New fellowship programme helps healthcare staff to train less privileged peers overseas

Healthcare staff from the National University Hospital are now able to tap on an extra $120,000 a year to train their peers in South-east Asia and China. -- ST FILE PHOTO
Healthcare staff from the National University Hospital are now able to tap on an extra $120,000 a year to train their peers in South-east Asia and China. -- ST FILE PHOTO

SINGAPORE - Healthcare staff from the National University Hospital (NUH) are now able to tap on an extra $120,000 a year to train their peers in South-east Asia and China.

This follows a donation of US$1 million (S$1.3 million) by the Fung Foundation, the philanthropic arm of global supplies management firm Li & Fung supported by Dr Victor Fung, Fung Group Chairman, and Dr William Fung, Fung Group Deputy Chairman, with their personal funds.

The US$2 million will be put in the National University of Singapore's endowment fund and the returns - about $120,000 annually - will be invested in sending NUH staff or National University of Singapore (NUS) medical faculty abroad to teach medical skills.

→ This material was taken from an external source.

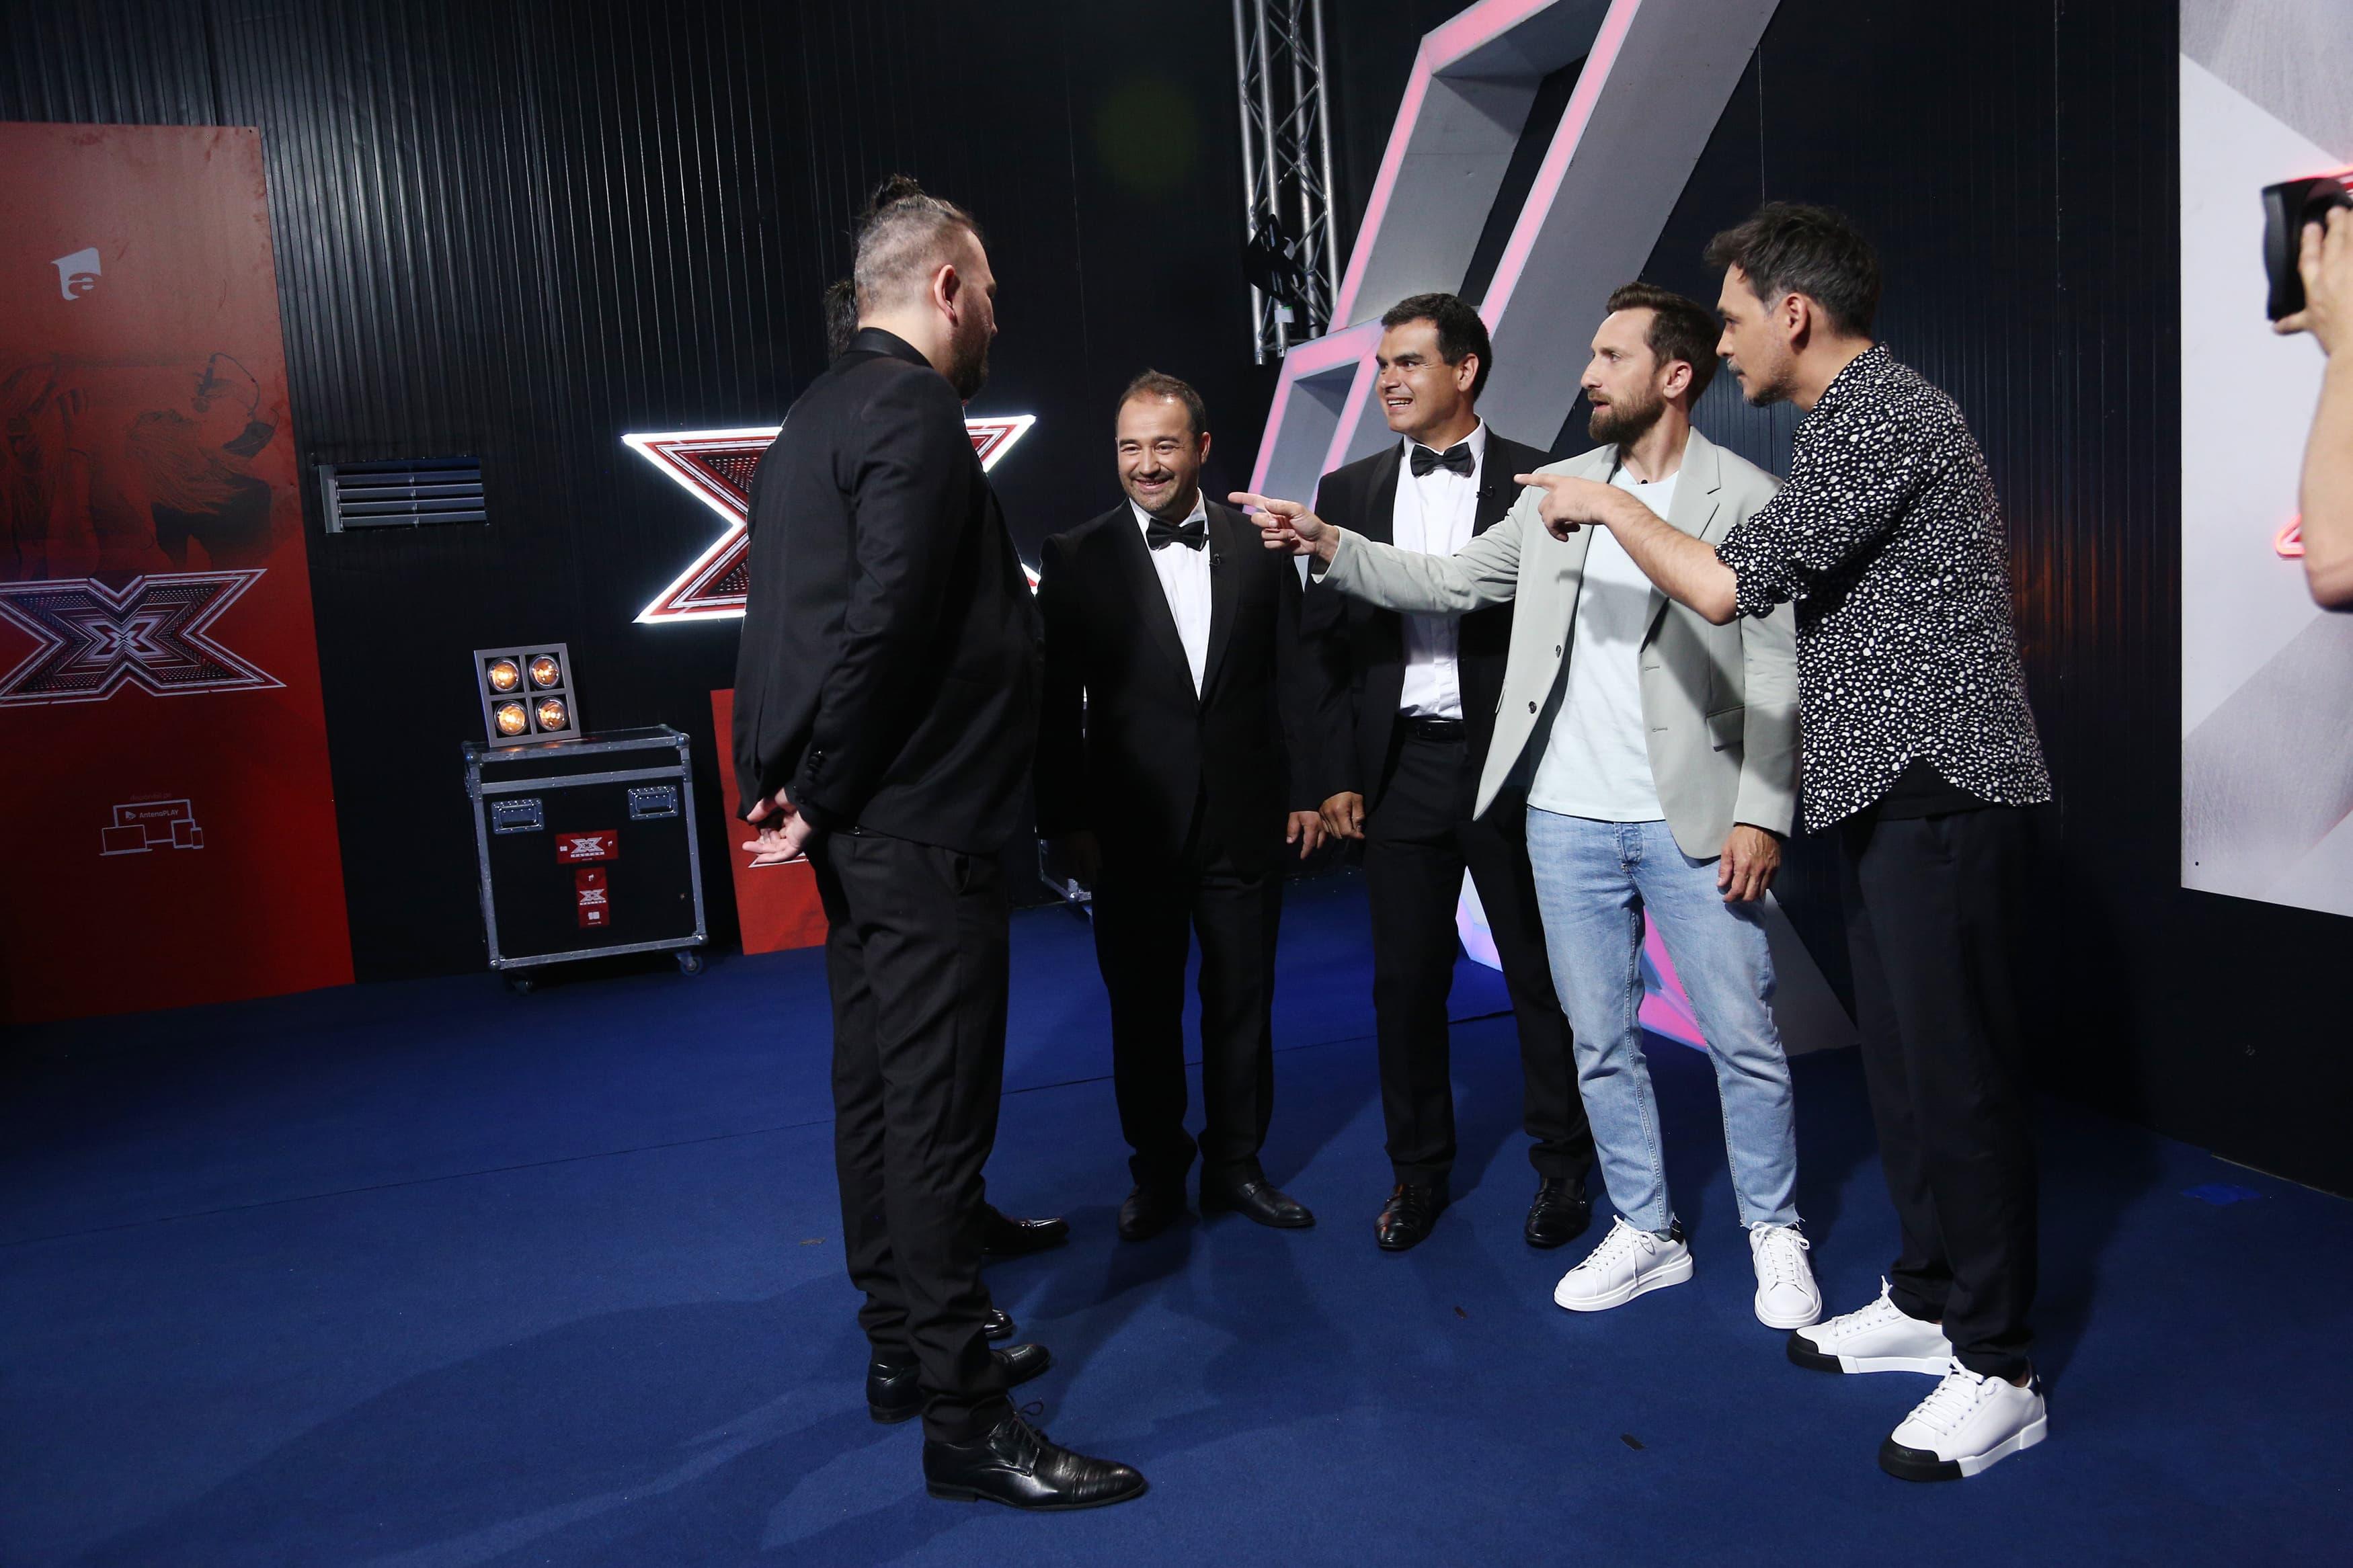 Quartet Belcanto la X Factor sezonul 10

It can also be used to bring young doctors and medical staff from developing countries to gain experience at the NUH.

The Fung Clinical Fellowship programme was announced by global supplies management tycoon Victor Fung, Group chairman of Fung Group, on Friday at the Fung Healthcare Leadership Summit in Singapore. Its president Professor Tsui Lap Chee said: "This is our way of returning to the community."

Associate Professor Sunil Sethi, who heads NUH's department of laboratory medicine, said: "Previously, we had to plan these overseas trips on an ad-hoc basis, beg, steal or borrow to raise funds. Now we don't need worry about funding.

"We can also plan for a series of programmes, so there is continuity in training overseas peers, not just a one-off thing."

Last month, an NUH team went to Kunming, China, to train peers in rehabilitation care. "A patient who has suffered a stroke can be left on the bed, developing bed sores and it becomes depressing," Prof Sethi said. "Or they can be well rehabilitated, on their feet up and about. Good training in rehab care makes all the difference."

The fund is open to the NUH's medical professionals including doctors, nurses and allied health workers. Because the endowment will take time to generate returns, the Fung foundation has also donated an extra US100,000($134,000) for immediate use.